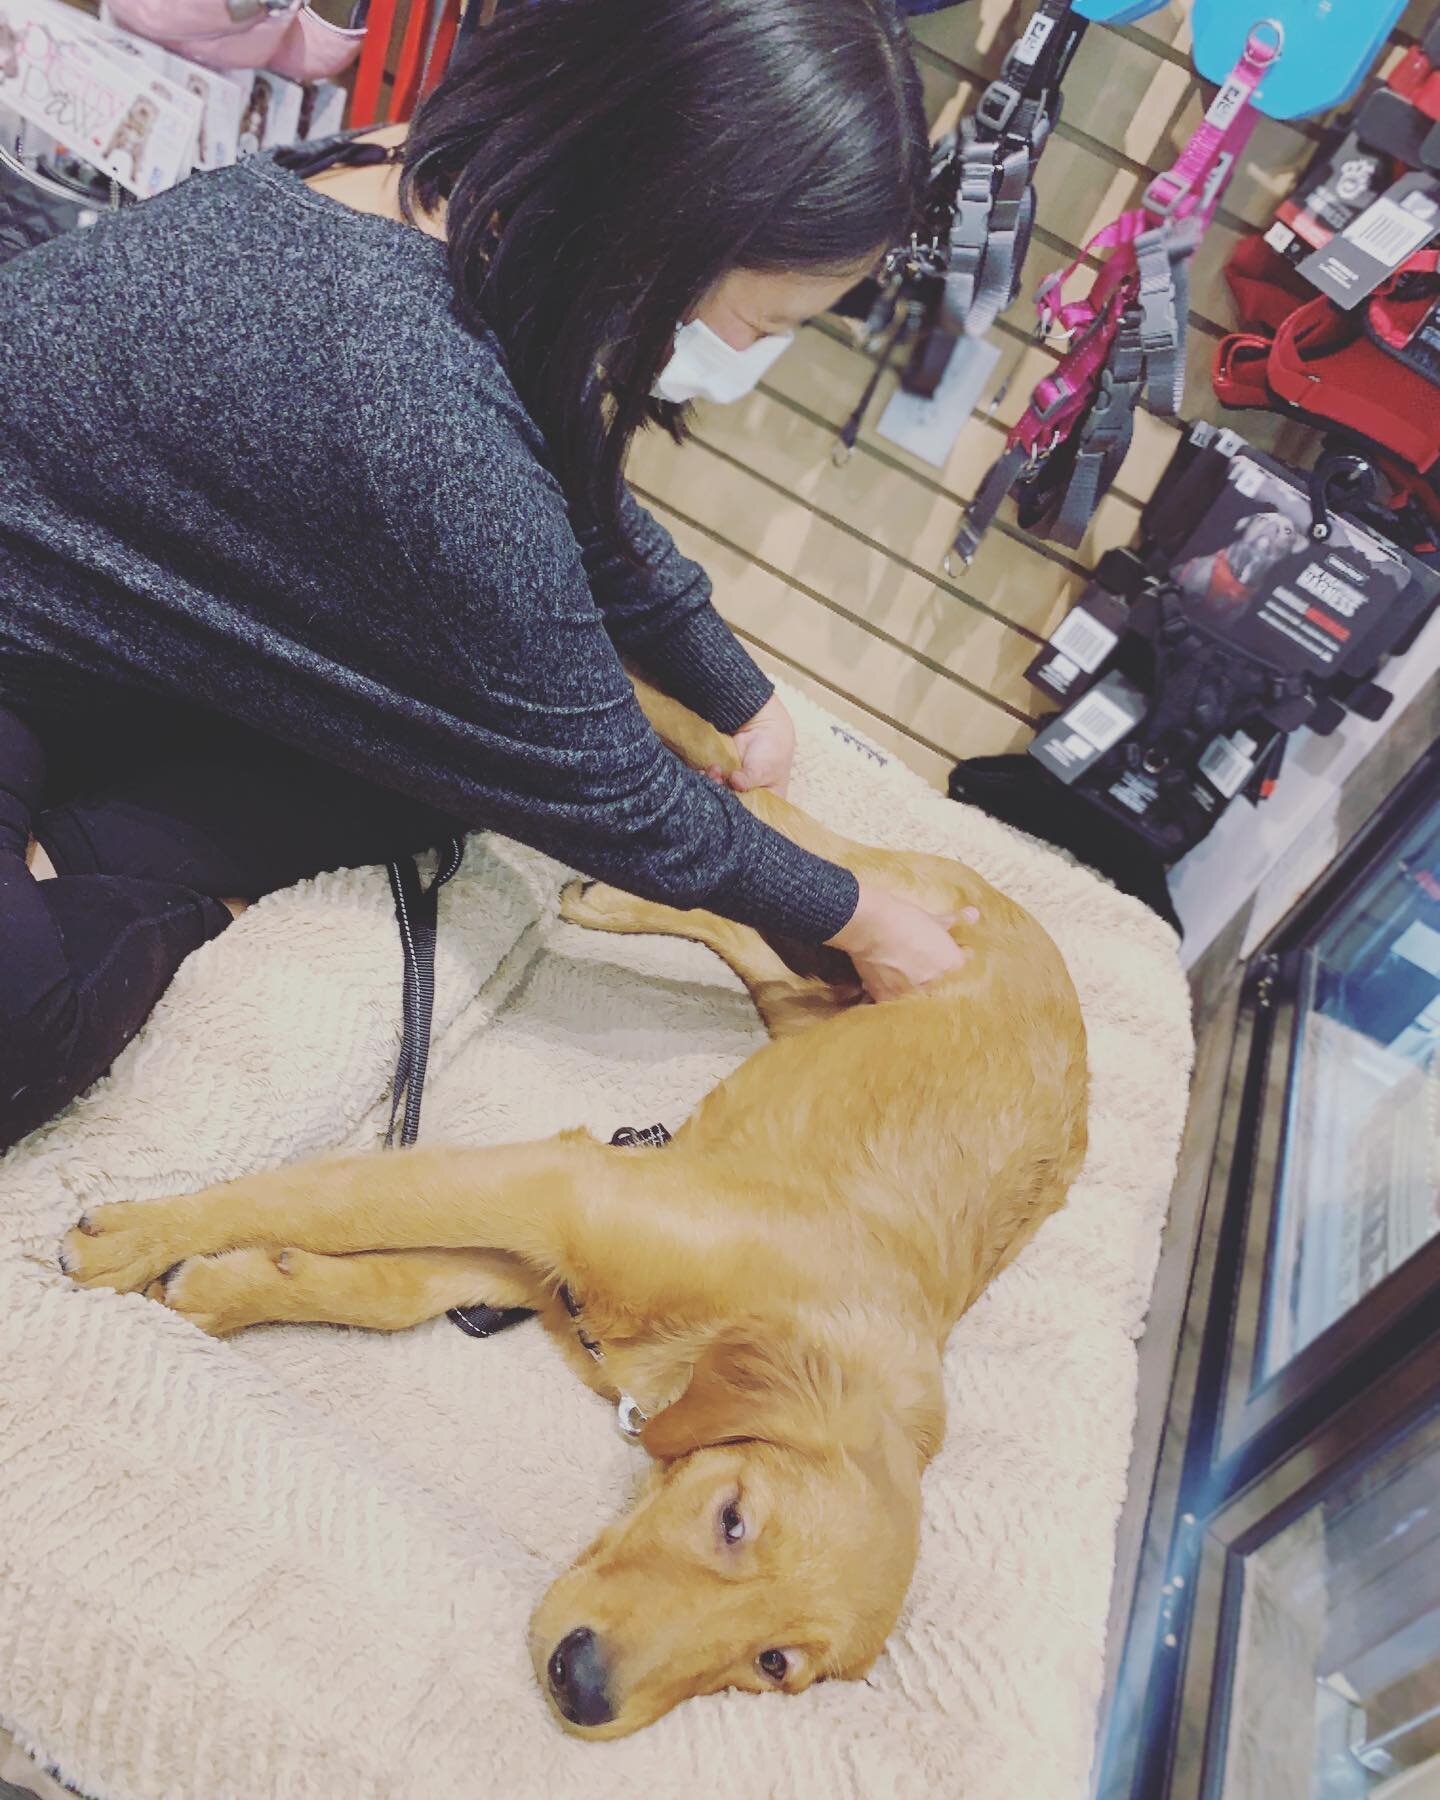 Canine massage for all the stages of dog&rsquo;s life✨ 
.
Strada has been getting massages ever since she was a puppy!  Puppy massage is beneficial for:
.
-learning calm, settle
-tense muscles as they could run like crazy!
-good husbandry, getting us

> **Required work**
Your answer must be the line that contains "-learning calm, settle" and every line after it to the end of the records, reproduced exactly.

> **Exercise solution**
-learning calm, settle
-tense muscles as they could run like crazy!
-good husbandry, getting us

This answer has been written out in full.